Assigning red to liberals would never have flown, because they were trying to distance themselves from an association with communists in the public imagination. The upper-class media would protect them on that. But more subtly, look at our other associations with the colors: True blue, blue-blooded, royal blue,and even blue water for sailing, in contrast to redneck, see red, blood red. Even red-blooded, once a term of approval for strength and vitality had become something of a snicker.
If you really want to get down to deep symbolic levels, the colors fit the two Indo-European deities, the sky-father (Zeus, Jupiter, Dyaus Pitar) - light and power, and earth-mother darkness and finally house of the dead. And the sky-father became the more powerful and important one, too. So the blues go into the skies and across the oceans, while the reds stay home on the earth. Thus the assignment of the colors is not fully accidental. No one sat down and said Nyah-ah-ah, we'll fix those conservatives by giving them the worse color. It was just more likely to hold because of the associations. The blues had the media, and the media felt comfortable with that symbolism.
The division into two groups long predates 2000, but it is possibly an indication of the increasing division in our country that this was about the time that we needed to describe the split at that stark a level. Vote Blue, Red State. Stripped down, one-syllable, unnuanced references. We were close to that level of division all the way back to 1976 or further, but third-parties tended to disguise that a bit.
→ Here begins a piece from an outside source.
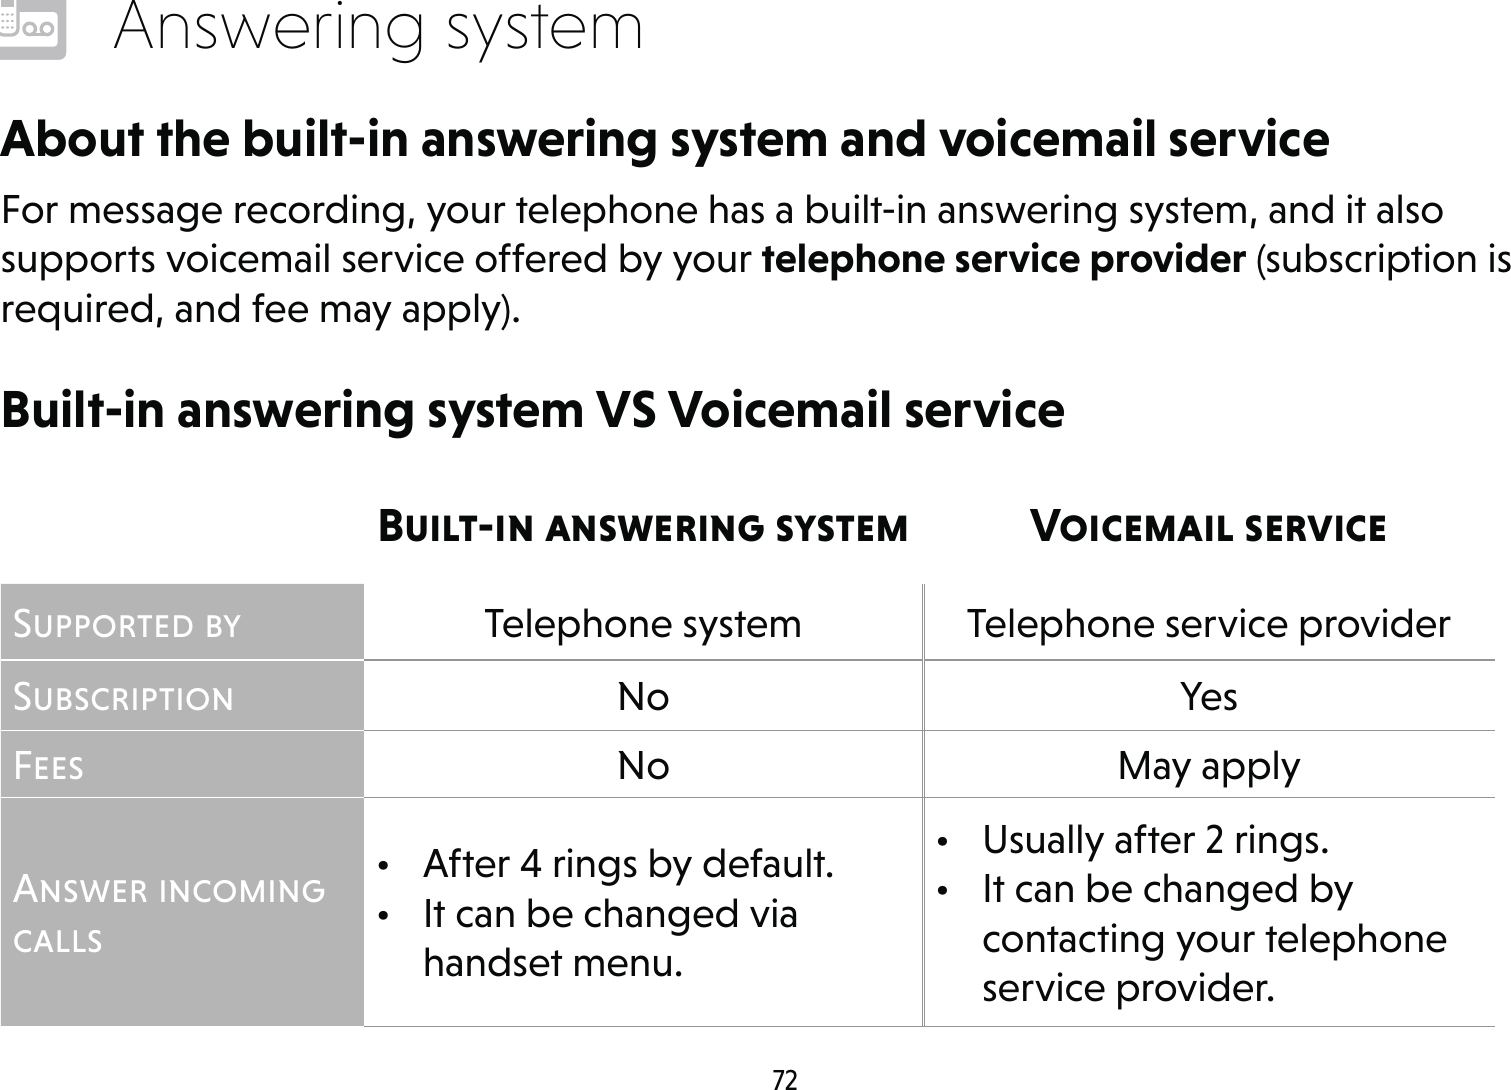 72Answering systemAbout the built-in answering system and voicemail serviceFor message recording, your telephone has a built-in answering system, and it also supports voicemail service offered by your telephone service provider (subscription is required, and fee may apply).Built-in answering system VS Voicemail serviceBuilt-in answering system Voicemail serviceSupported by Telephone system Telephone service providerSubscription No YesFees No May applyAnswer incoming calls•  After 4 rings by default.•  It can be changed via handset menu.•  Usually after 2 rings.•  It can be changed by contacting your telephone service provider.

It seems odd to say that I grew up blue, as my mother, my father and stepfather, and all my grandparents were very conservative. But the other relatives I had most contact with were very liberal - uncles, cousins, a predominantly Swedish collection of literary and artistic people. I was also Congregationalist, moving increasingly liberal and eventually going UCC; I was rebelling against said parents and stepparents pretty strongly. But mostly, and it is only in the last few years that this has come clear to me, I was deeply identified with the smart kids, especially of the literary, musical, and theatrical type. Those were my people. And even in a mill city like Manchester, that was a disproportionately Jewish group. Cohen, Klein, Schwartz, Friedman, Goodman - those constituted a full third of my friends. Interestingly, some of the nice Catholic and Orthodox friends I had, I learned years later were half-Jewish. Judaism wasn't quite the guarantee of liberalism that it was in New York or Boston, but it was still very dominant. Those influenced me directly, but were also influencing the popular arts - and "smart kids" culture - nationwide. I have referenced before that much of liberalism comes from picking up social cues, not logical proof. Well, I picked up pretty clearly who the smart kids were and what they believed, and making fun of conservatives was a big part of the culture.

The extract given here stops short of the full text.